⟨
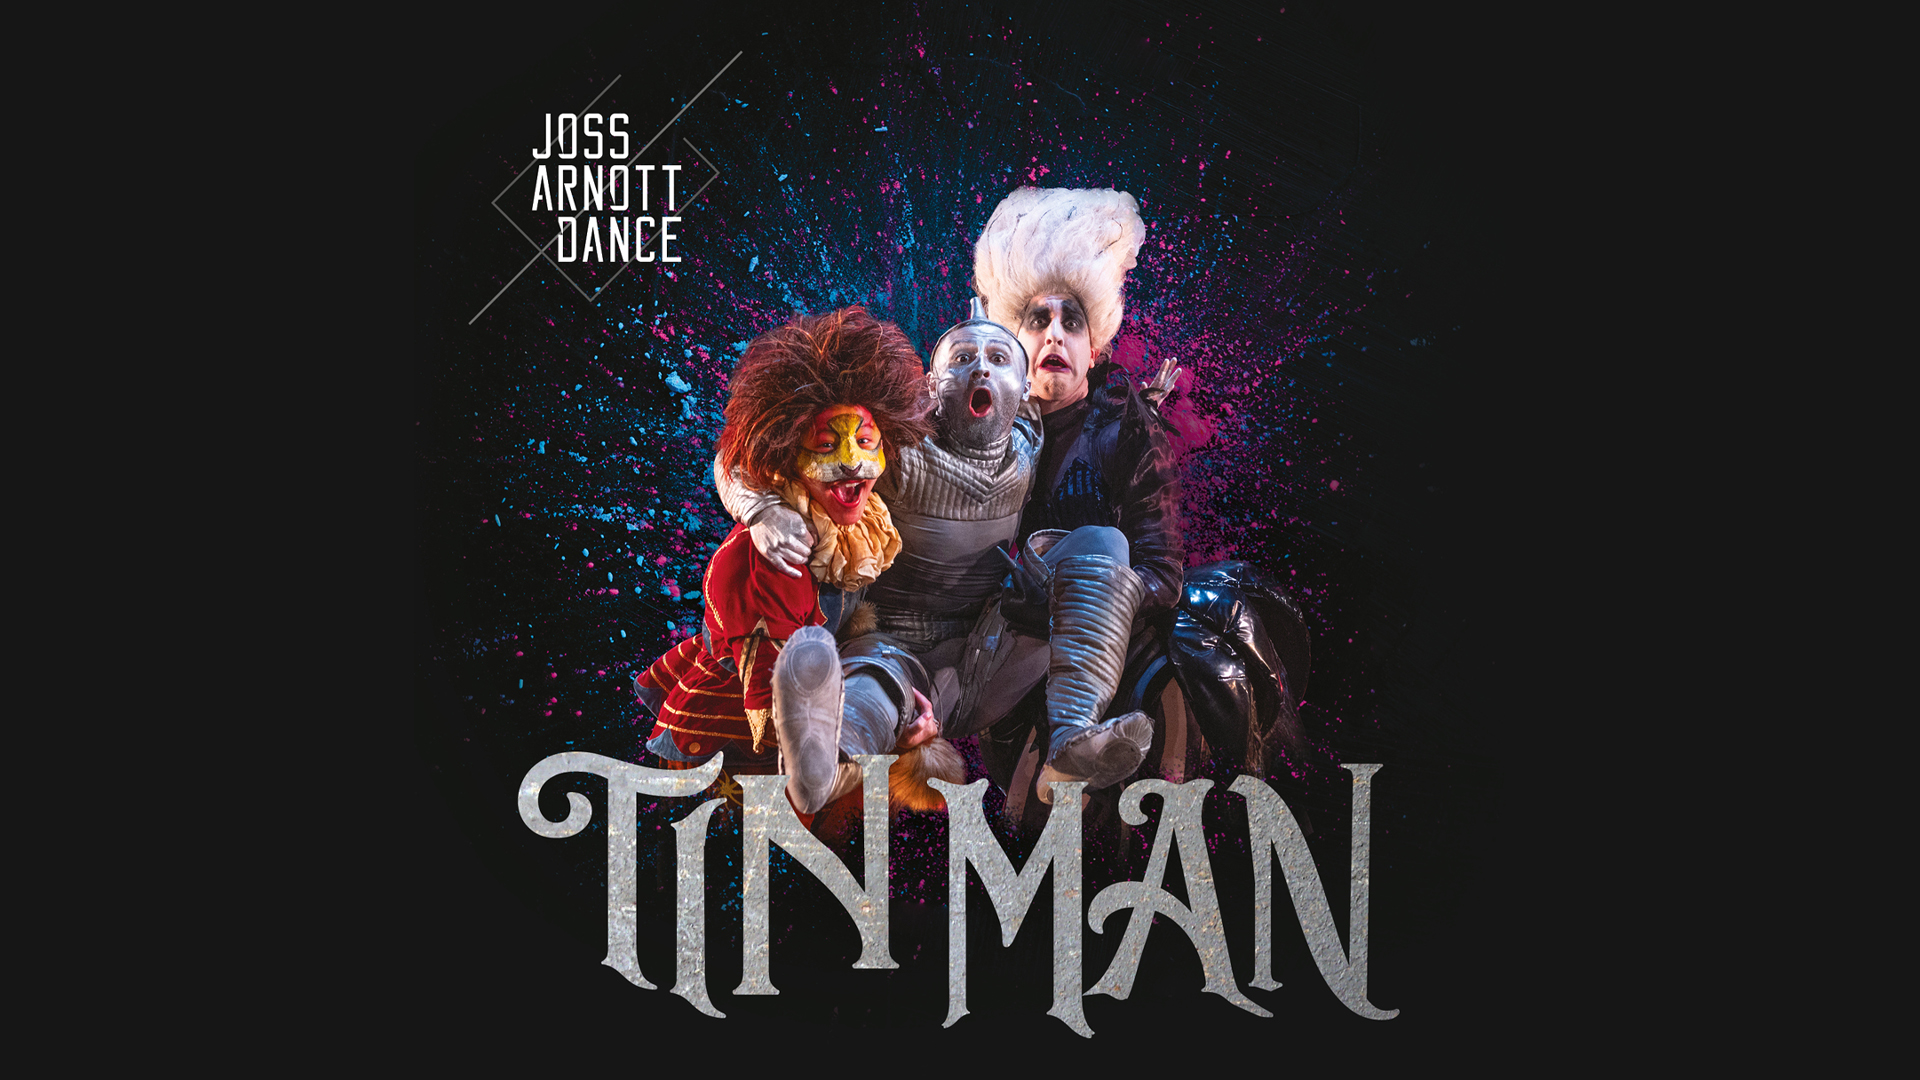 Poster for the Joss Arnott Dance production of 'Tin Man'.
⟩
⟨
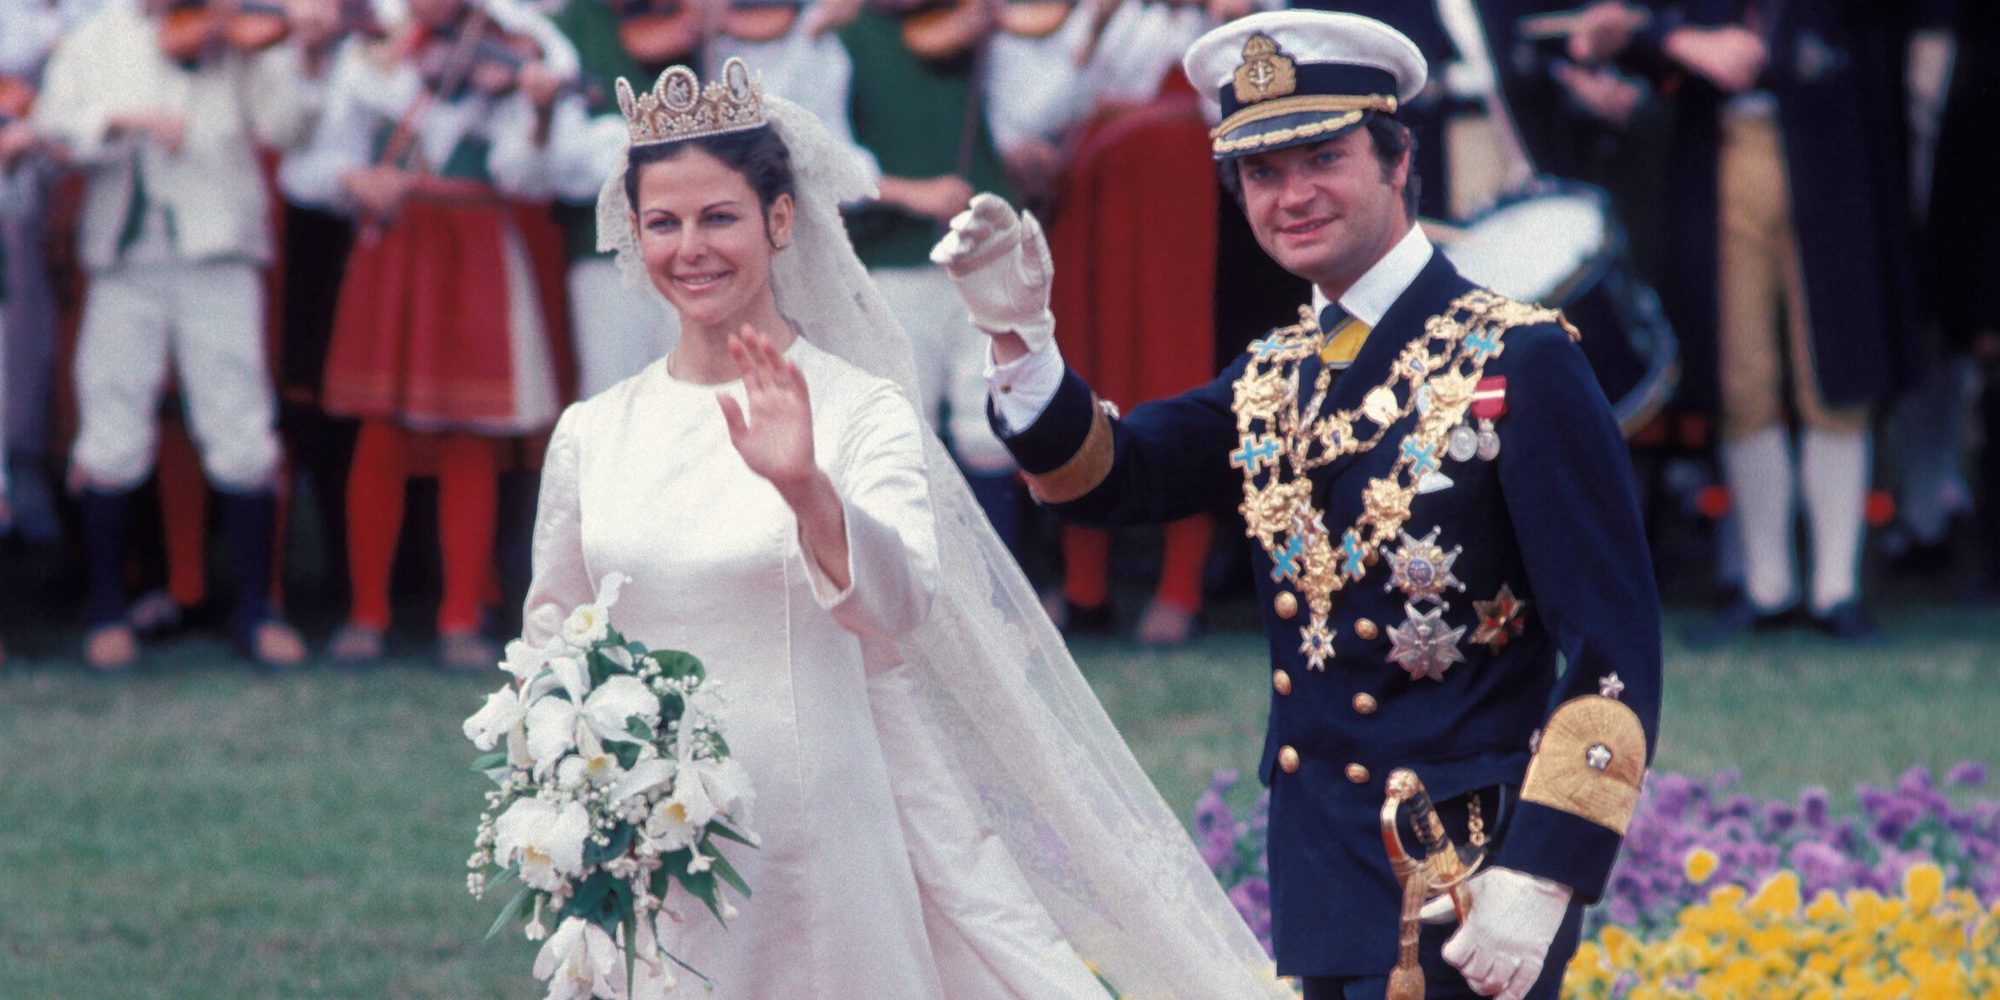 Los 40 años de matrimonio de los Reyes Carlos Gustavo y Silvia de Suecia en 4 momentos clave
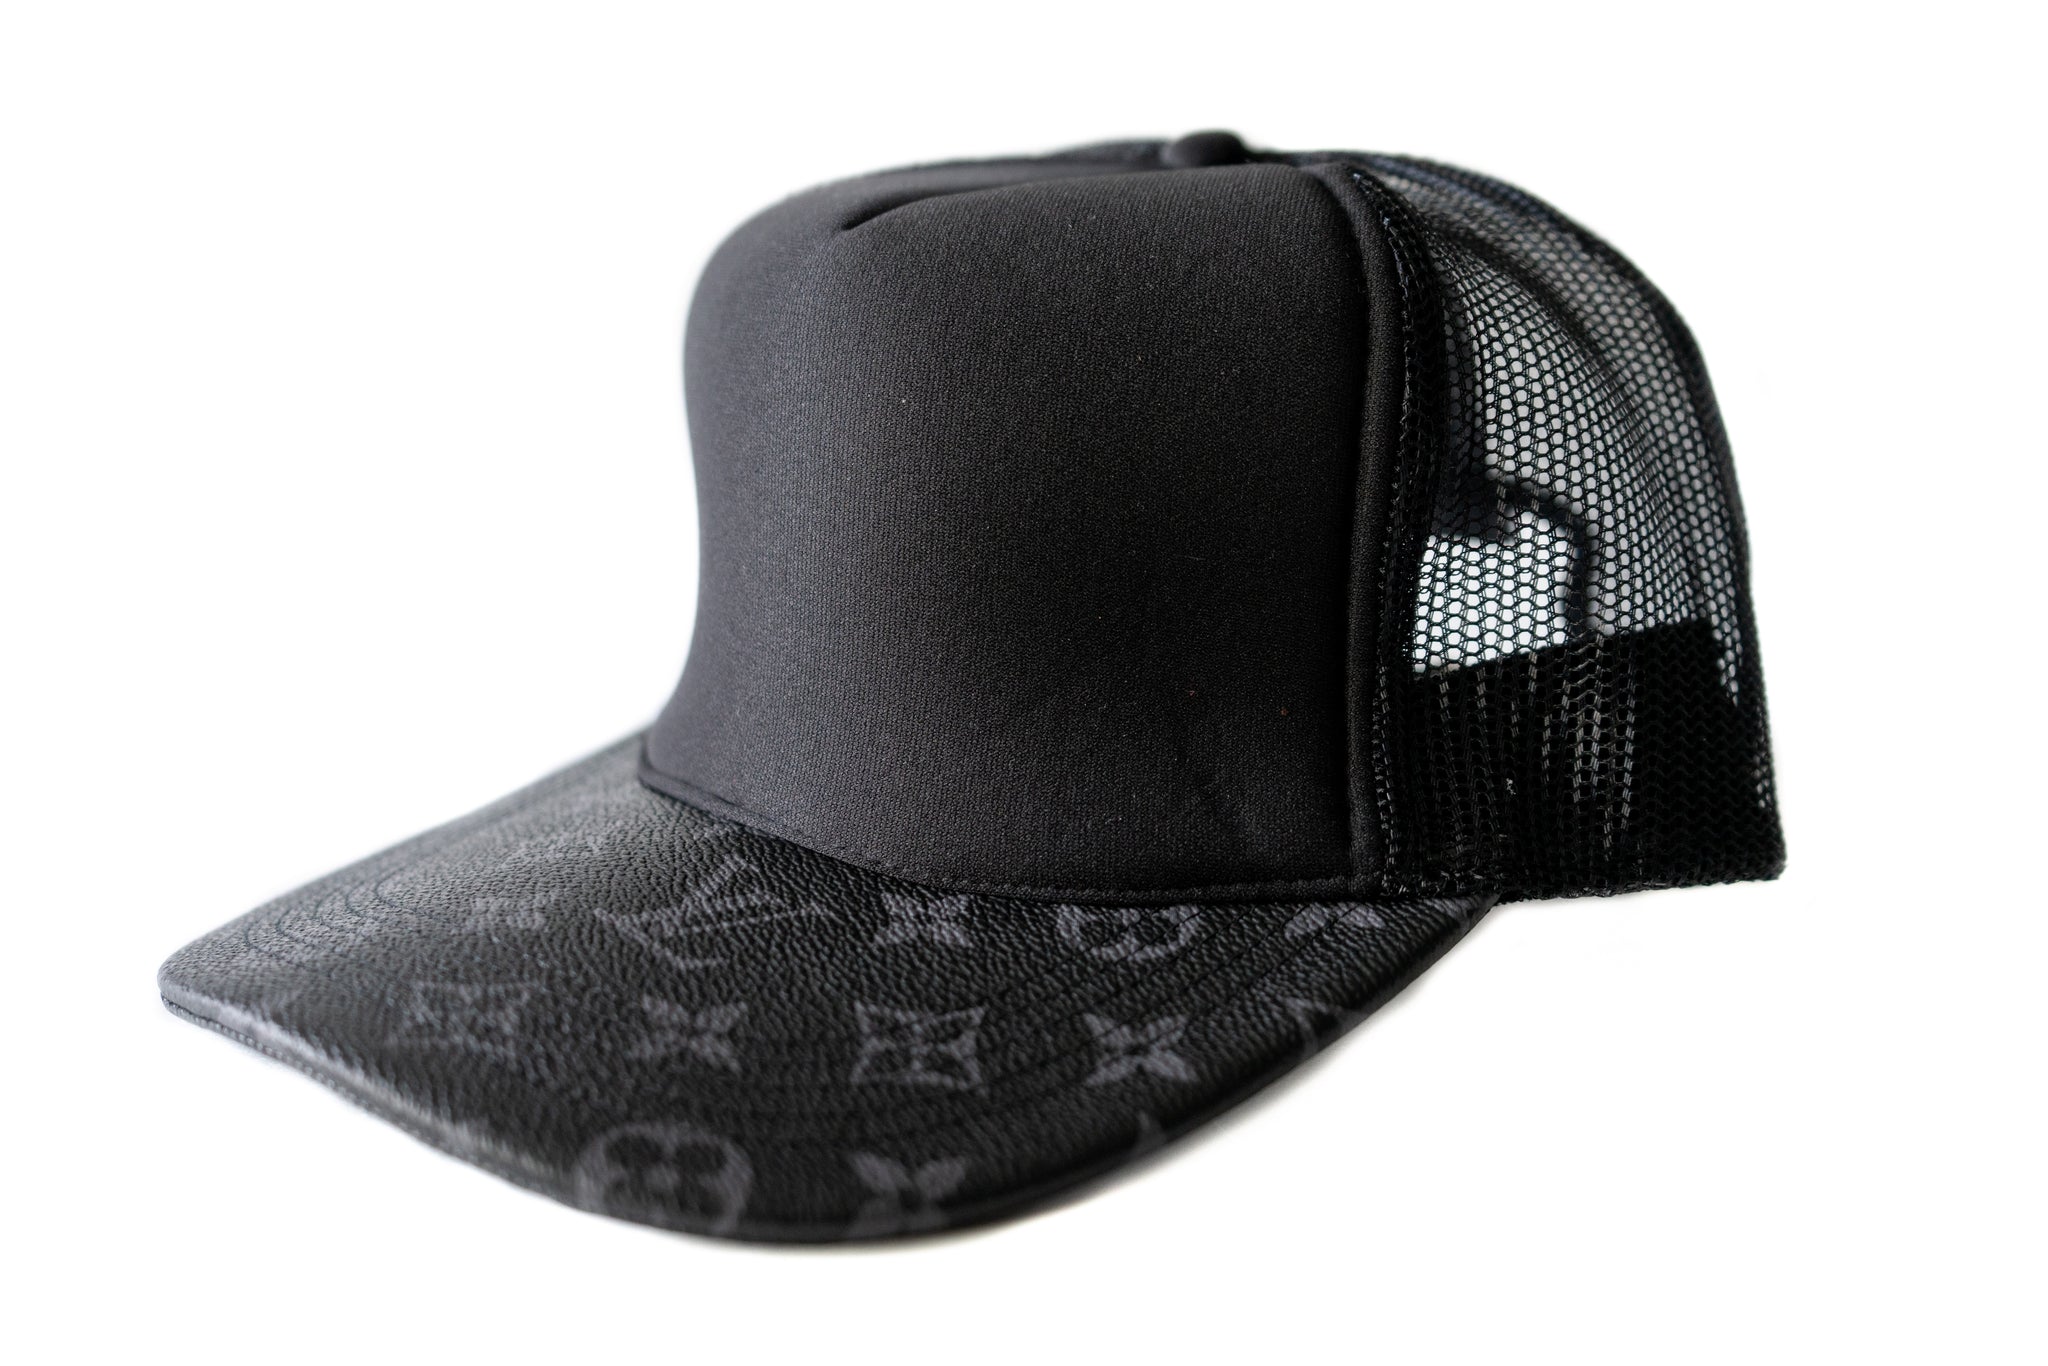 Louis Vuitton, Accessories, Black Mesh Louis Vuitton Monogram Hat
⟩
- **INSTRUCTIONS FOR THE TASK**: Between and including the line above that contains "Los 40 años" and the line that contains "Louis Vuitton, Accessories, Black", restate every line word for word. Pictures stay out.

- **ANSWER SPACE**:
 Los 40 años de matrimonio de los Reyes Carlos Gustavo y Silvia de Suecia en 4 momentos clave
 Louis Vuitton, Accessories, Black Mesh Louis Vuitton Monogram Hat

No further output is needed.